A letter on the Coronavirus pandemic from our founders

By Fashion Revolution

4 years ago

Dear Fashion Revolutionaries,

It is impossible to disregard the profound effects that the coronavirus pandemic is having, and will have, on the global population, on our society, and the hardships we will all face over the coming months; nobody can continue with business as usual at this point in time. We know that crises like Corona Virus, Climate Change, and indeed most disasters disproportionately affect the most vulnerable populations and minorities. At the same time, the vast majority of the people who make our clothes are themselves vulnerable, and lacking sick pay, paid leave, or adequate health care. When we use our voices to hold big corporations accountable, we are part of the change in shaping a fairer world.

Since Fashion Revolution began after the Rana Plaza disaster in 2013, we have used our collective voice to bring communities together, to offer support, share knowledge and to think creatively about finding solutions for challenging situations. In this new coronavirus world we are having to rethink everything, not least our own events scheduled to take place during Fashion Revolution Week April 20-26.

Inevitably many of our physical events will be postponed. Our global teams will operate as best they can, but we will all stand united on the 24th of April, and throughout Fashion Revolution Week, to honour the victims of the Rana Plaza and all other disasters and injustices that keep happening in fashion supply chains.

Where possible, Fashion Revolution will be moving many of our major events to online platforms. We will be postponing our Great Fashion Revolution Clothes Swap activation until a time when it is safe to gather together again. We will work with our country teams to ensure that local health guidelines and legislations are followed. But we are working hard at digitising, adapting our resources, and updating our content to respond to the present situation, so stay with us during Fashion Revolution Week and join us in our programme of webinars, discussions, virtual studio visits and news updates.

This is not the ‘change’ we were hoping for, but nevertheless, as we sit this crisis out – so many of us in isolation –  we can also learn important things. The coronavirus pandemic will lead to a massive behavioural shift and an inevitable slowing down of consumption. As we always say, the most sustainable clothes are the ones already in our wardrobes so we can start, as so many of us already are, by looking after the clothes we have, sewing on buttons, repairing hems, darning holes. Repair is a Revolutionary Act, and the revolution starts with all of us, in our own wardrobes.

 

 

We will continue to keep this extraordinary global community alive and connected. Together, we will be more present than ever before. We will push forward with our messaging for a fashion industry that conserves and restores the environment, and values people above growth and profit, and we will continue to inform our global community on the pressing topics facing the fashion industry as it struggles to become more sustainable. We can choose to spend the extra time on our hands scrutinising fashion brands, and asking for greater responsibility.

At Fashion Revolution, we say Be Curious, Find Out, Do Something. As we enter our seventh year of campaigning, we are very proud of our collective achievements: we certainly have made more people more curious, and so millions of citizens have taken it upon themselves to find out more.  Now is the time to Do Something. Bring your activism home. Turn it into daily actions: mend, repair, resell, learn a craft, fix a shoddy hemline that needs a stitch. Investigate your clothes: look at the labels, expose their details, research the brands. Take a closer look at a composition label that goes nowhere near telling you the full list of ingredients; a ‘Made In’ label that tells you nothing about where the fabric was made or the raw materials were sourced.

 

 

As always, we want to hear from you.
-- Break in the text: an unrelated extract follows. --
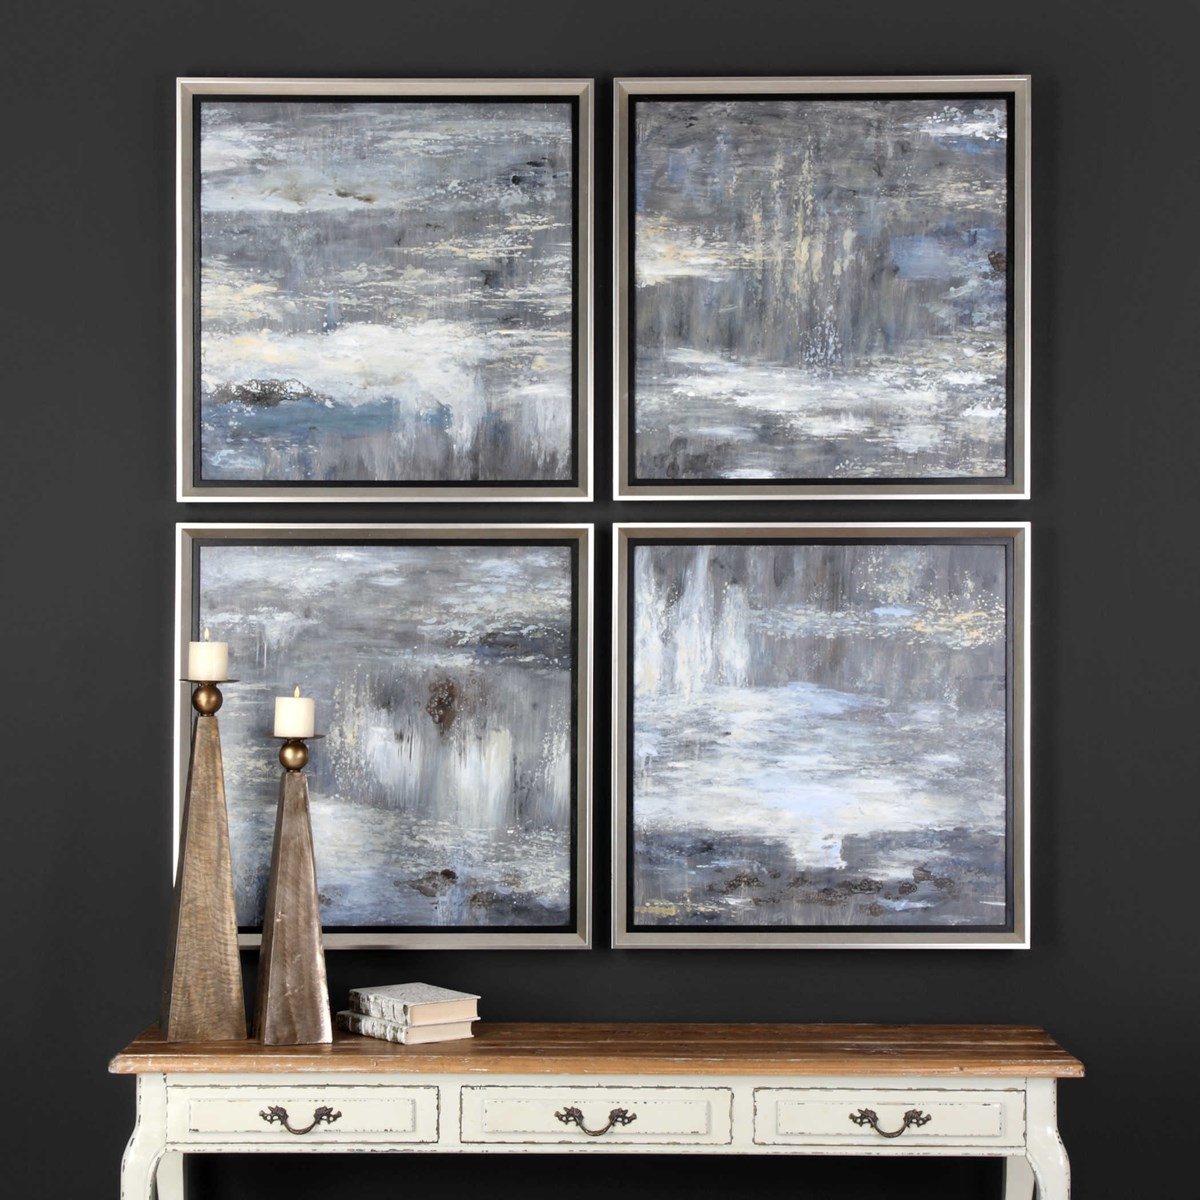 Shades of Gray Hand Painted Canvases, 33" x 33", Set of 4 - Image 1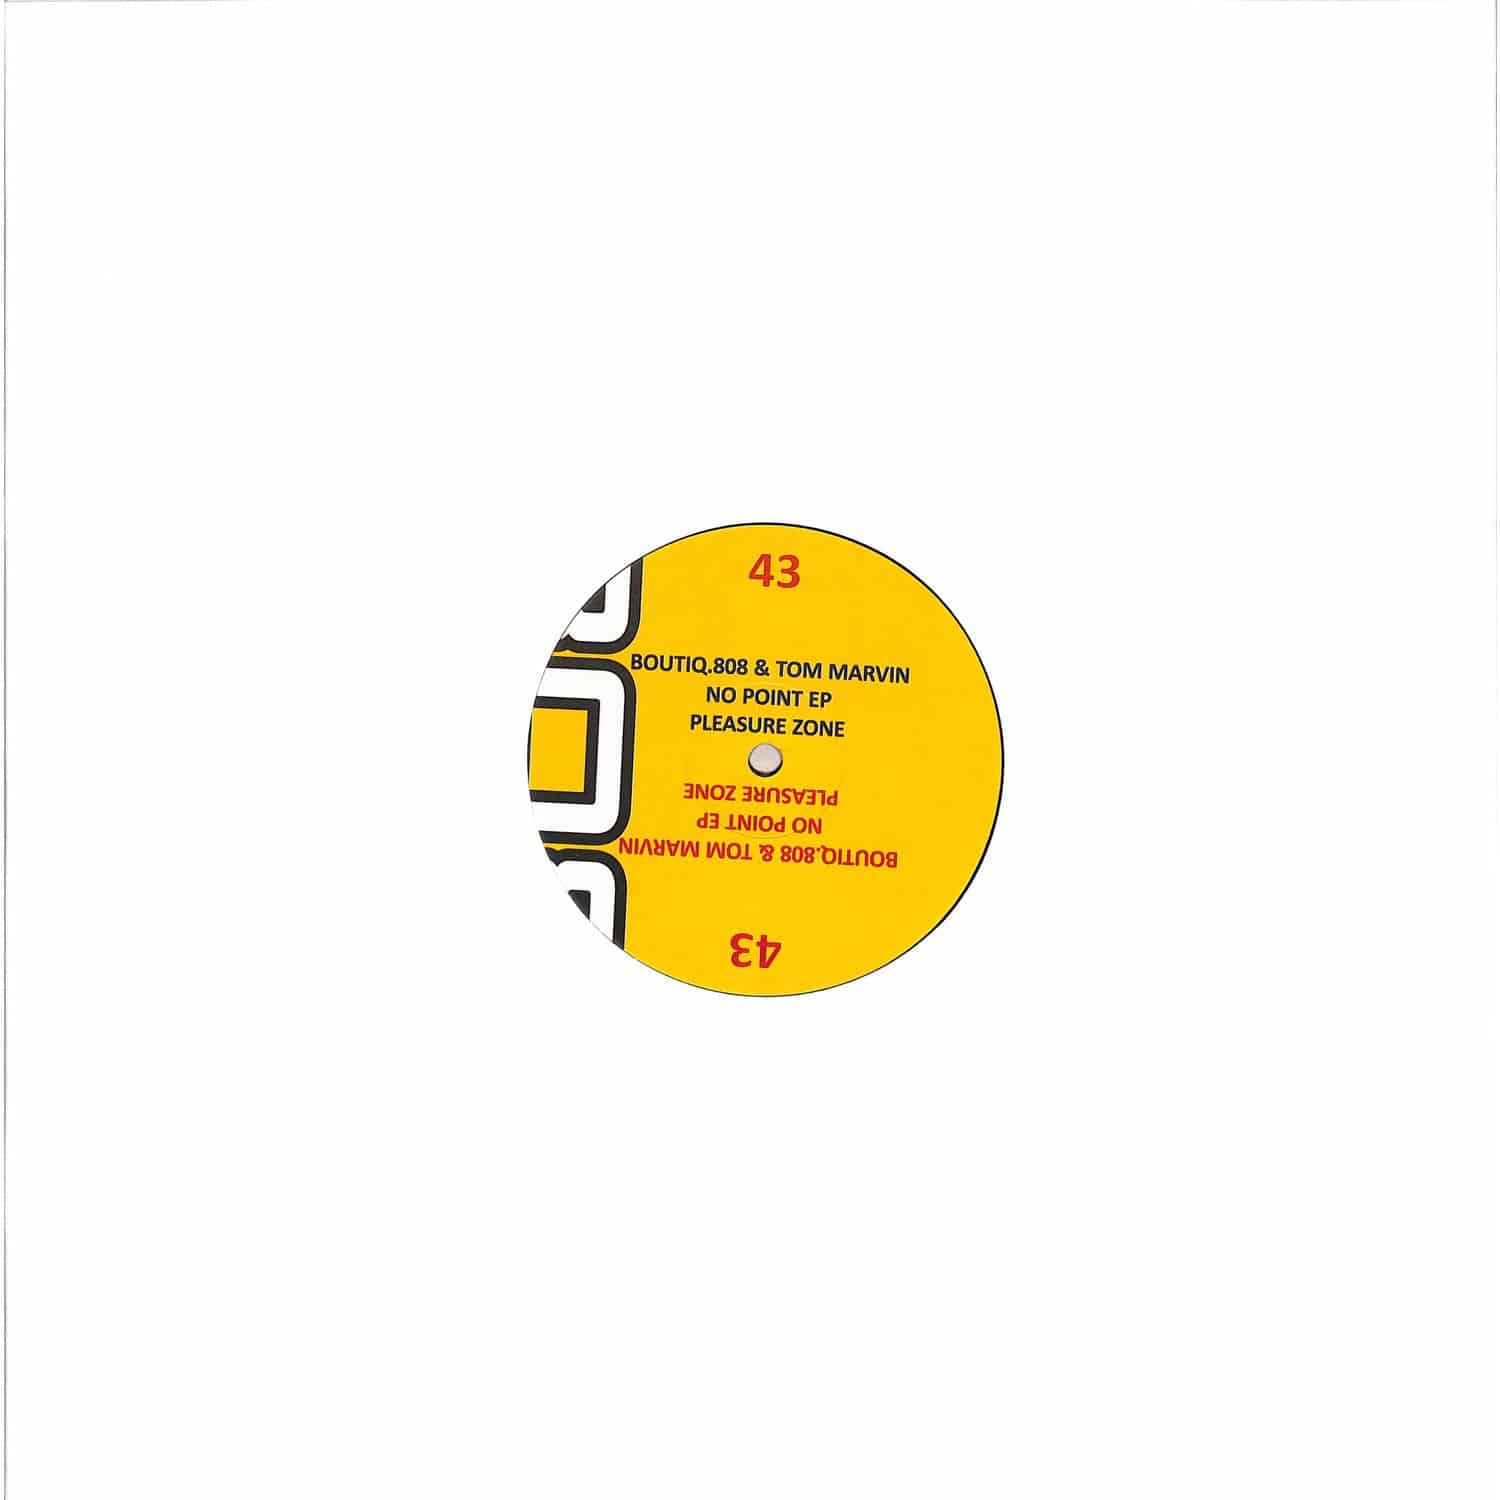 Boutiq.808 & Tom Marvin - NO POINT EP

Keep us posted of your wardrobe activism. Tag us in your conversations and use our hashtags. We continue to ask #WhoMadeMyClothes to show our solidarity with the garment workers, and we are also asking #WhatsInMyClothes to help begin a wider conversation about the ingredients – the plastics, chemicals and polluting microfibres – that are not disclosed on our care labels.

But most importantly, use your activism to help others. Use your voice, and help us to raise awareness of the most vulnerable people in the fashion industry – the garment workers without health care or sickpay,  whose living and working conditions will  be made even more acute by this pandemic.

Of course, we can all help out closer to home too. if you are a social media content whizz, consider helping a local business to support their communities; if you are a designer or maker, can you offer your help to your local coronavirus effort? If you have children off school, take the time to teach them the basics of sewing and mending. Wherever we can, we will use our voice and our skills to help others.

 

 

We can use this crisis to pause: take stock, focus on our social conscience, reflect, and ensure that the drastic measures we are facing will lead us to be better prepared and more committed as we move to a more mindful, considerate future.